Songe, (Poésie.) fiction que l’on a employée dans tous les genres de poésie, épique, lyrique, élégiaque, dramatique : dans quelques-uns, c’est une description d’un songe que le poëte feint qu’il a, ou qu’il a eu ; dans le genre dramatique, cette fiction se fait en deux manieres ; quelquefois paroit sur la scene un acteur qui feint un profond sommeil, pendant lequel il lui vient un songe qui l’agite, & qui le porte à parler tout haut ; d’autres fois l’acteur raconte le songe qu’il a eu pendant son sommeil. Ainsi dans la Mariane de Tristan, Hérode ouvre la scene, en s’éveillant brusquement, & dans la suite il rapporte ce songe qu’il a fait. Mais la plus belle description d’un songe qu’on ait donnée sur le théâtre, est celle de Racine dans Athalie ; épargnons au lecteur la peine d’aller la chercher. C’est Athalie qui parle scene v. acte II.

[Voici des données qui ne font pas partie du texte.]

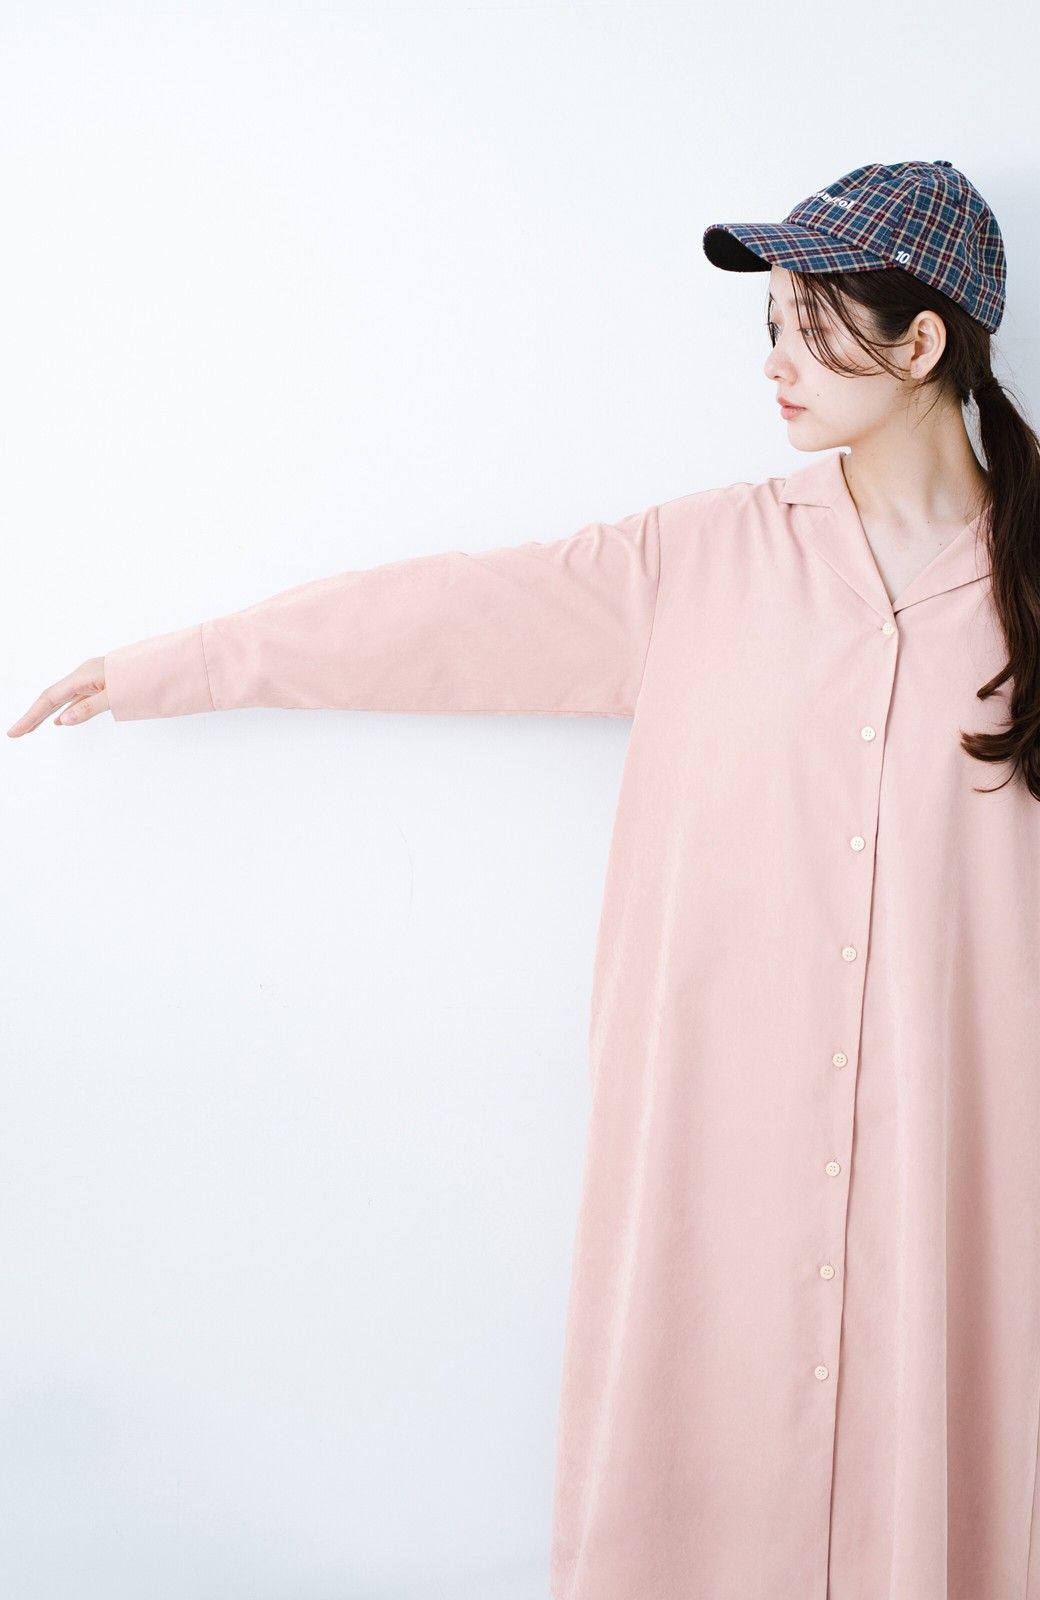 haco! 太ってもばれずに羽織っても便利なAラインワンピース <ピンク>の商品写真18
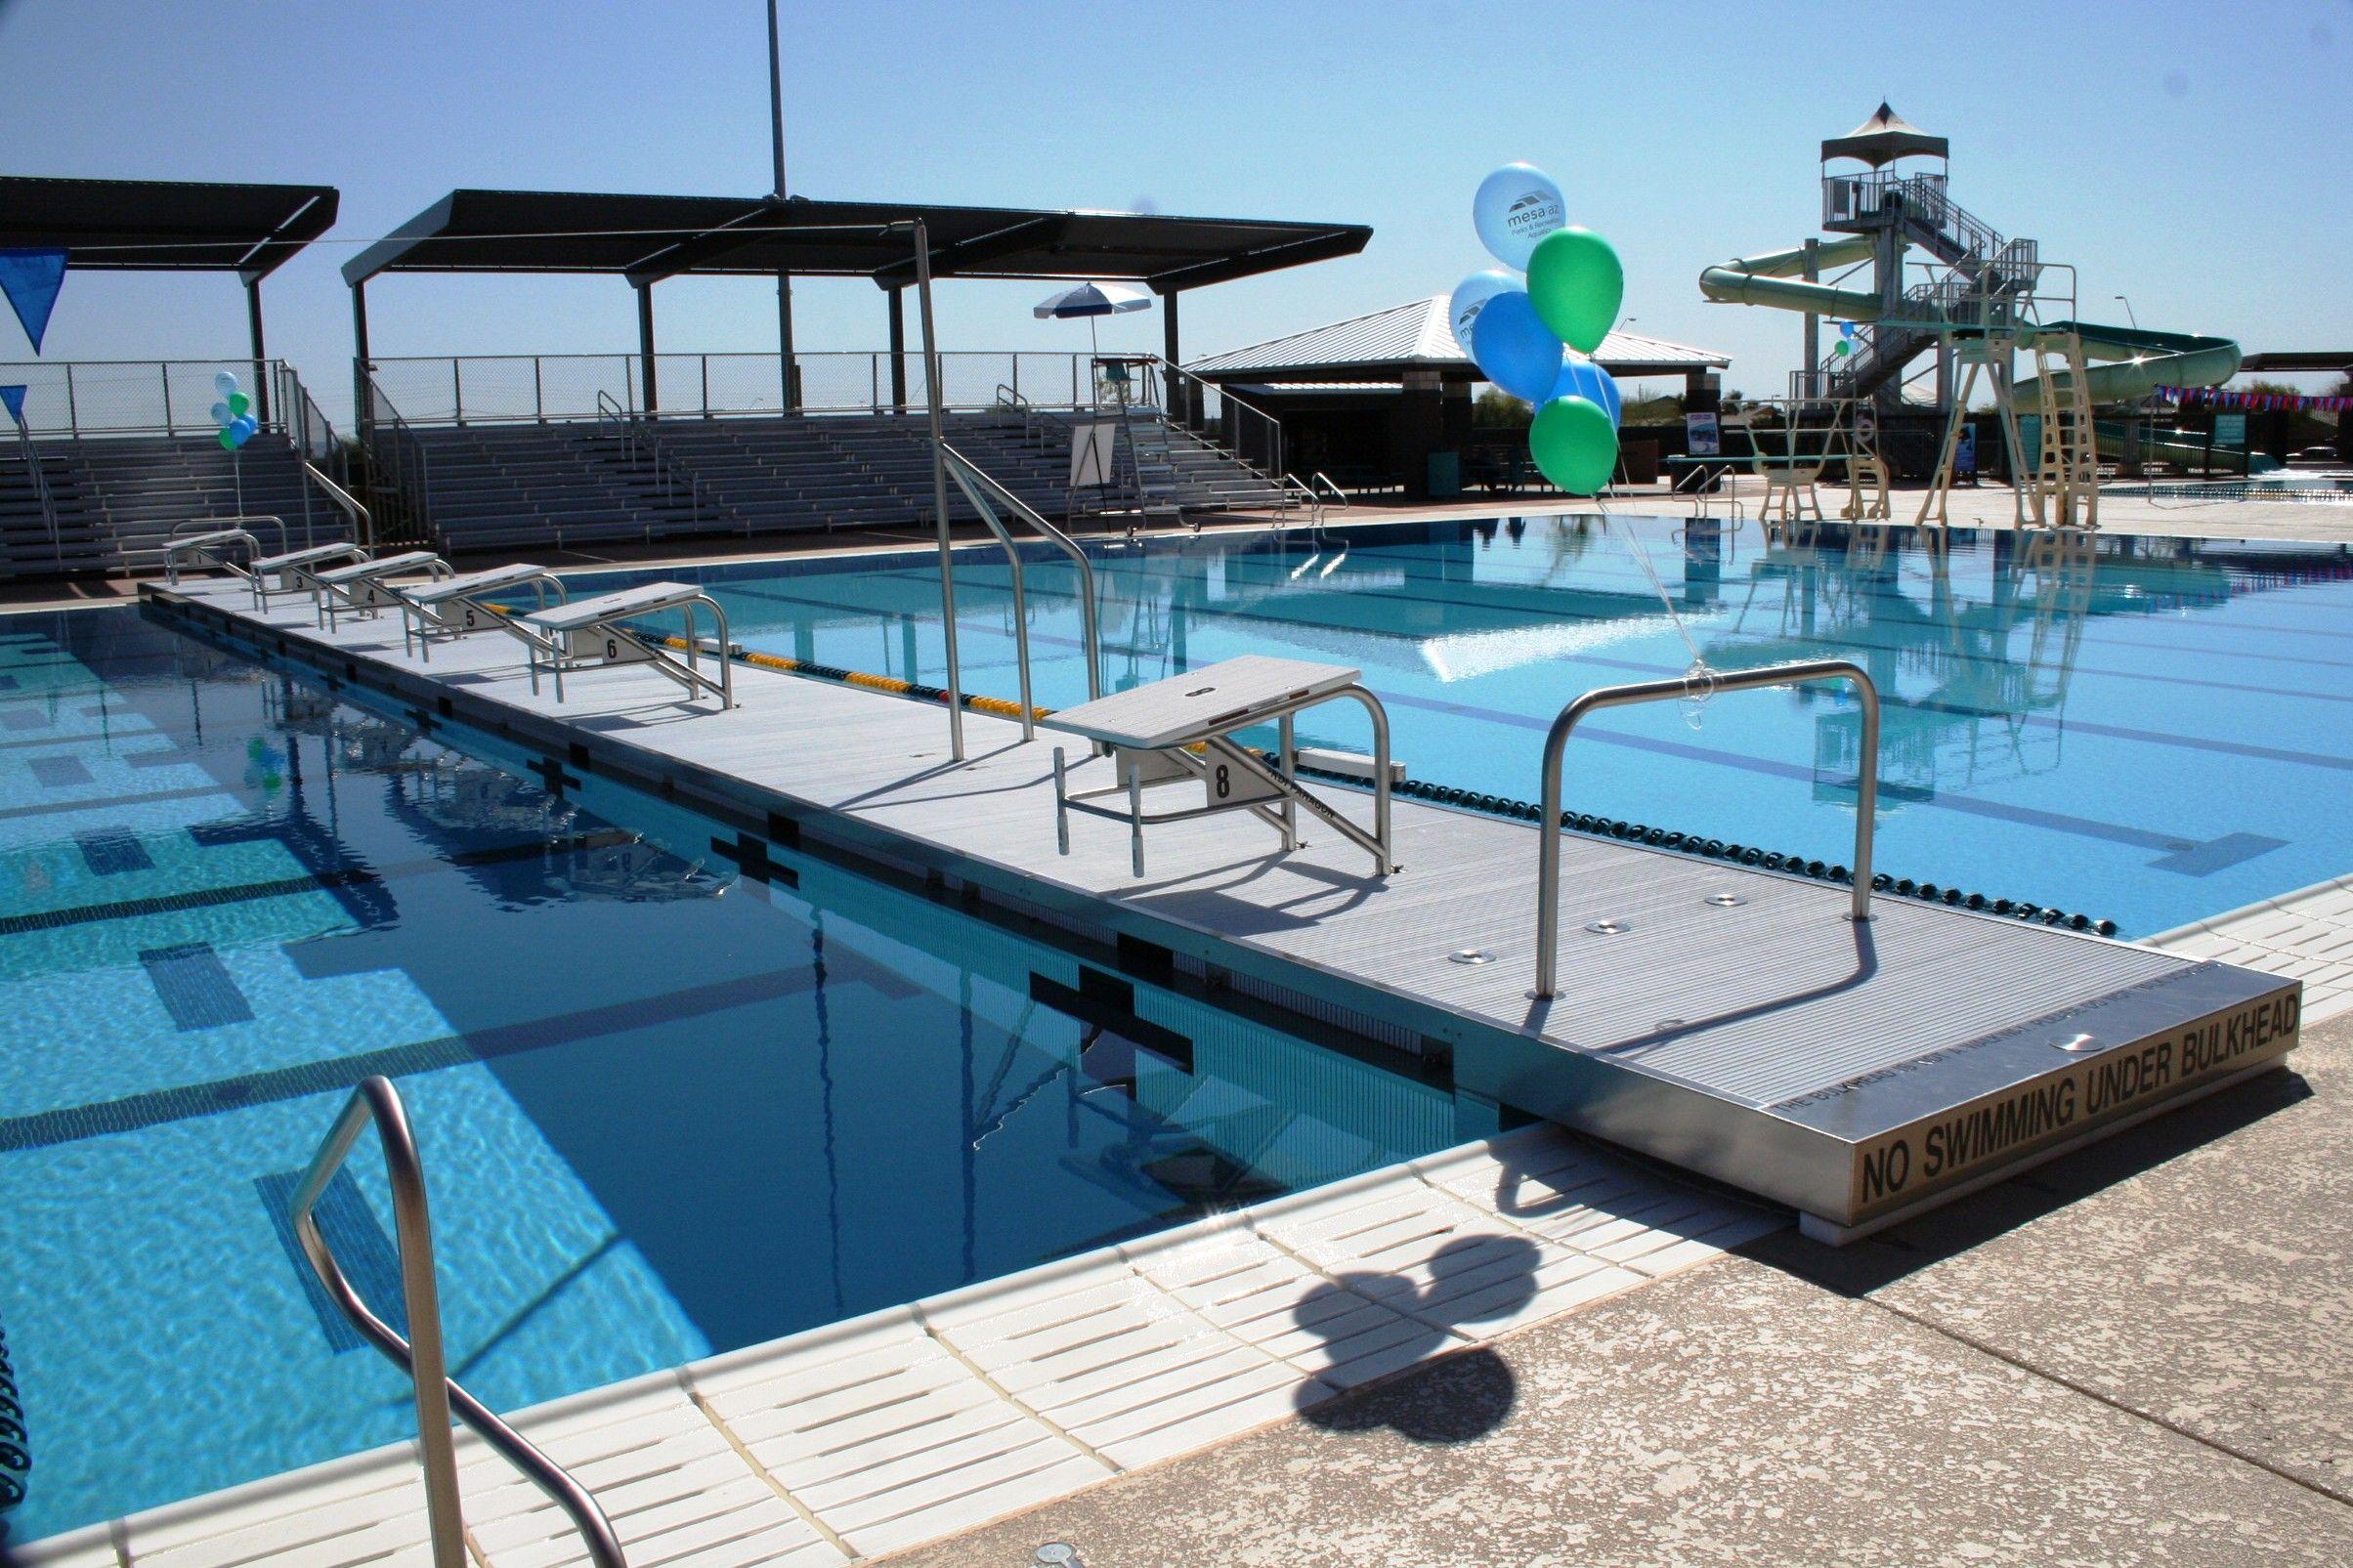 Desert Breeze Aquatic Facility $3Adult, Kids Under 3 Free -

Un songe (me devrois-je inquieter d’un songe ?)
Entretient dans mon cœur un chagrin qui le ronge.
Je l’évite partout, partout il me poursuit.
C’étoit pendant l’horreur d’une profonde nuit.
Ma mere Jézabel devant moi s’est montrée,
Comme au jour de sa mort pompeusement parée.
Ses malheurs n’avoient point abattu sa fierté.
Même elle avoit encore cet éclat emprunté,
Dont elle eut soin de peindre & d’orner son visage,
Pour réparer des ans l’irréparable outrage.
Tremble, m’a-t-elle dit, fille digne de moi.
Le cruel Dieu des juifs l’emporte aussi sur toi.
Je te plains de tomber dans ses mains redoutables,
Ma fille… En achevant ces mots épouvantables,
Son ombre vers mon lit a paru se baisser.
Et moi, je lui tendois mes mains pour l’embrasser,
Mais je n’ai plus trouvé qu’un horrible mélange
D’os & de chair meurtris, & traînés dans la fange,
Des lambeaux pleins de sang, & des membres affreux,
Que des chiens dévorans se disputoient entr’eux, &c.

(D. J.)

Songes, fête des, (Hist. mod.) les sauvages de l’Amérique septentrionale appellent fête des songes ou du renversement de cervelle, une espece de bacchanale qui se célebre parmi eux vers la fin de l’hiver, & qui dure ordinairement 15 jours. Pendant ce tems, il est permis à chacun de faire toutes les folies que la fantaisie lui suggere. Chaque sauvage barbouillé ou déguisé de la maniere la plus bisarre, court de cabanes en cabanes, renverse & brise tout sans que personne puisse s’y opposer ; il demande au premier qu’il rencontre l’explication de son dernier rêve, & ceux qui devinent juste, sont obligés de donner la chose à laquelle on a rêvé. La fête finie, on rend tout ce qu’on a reçu, & l’on se met à réparer les desordres qu’une joie licentieuse a causés. Comme l’ivresse est souvent de la partie, il arrive quelquefois des tumultes & des catastrophes funestes dans ces sortes d’orgies, où la raison n’est jamais écoutée.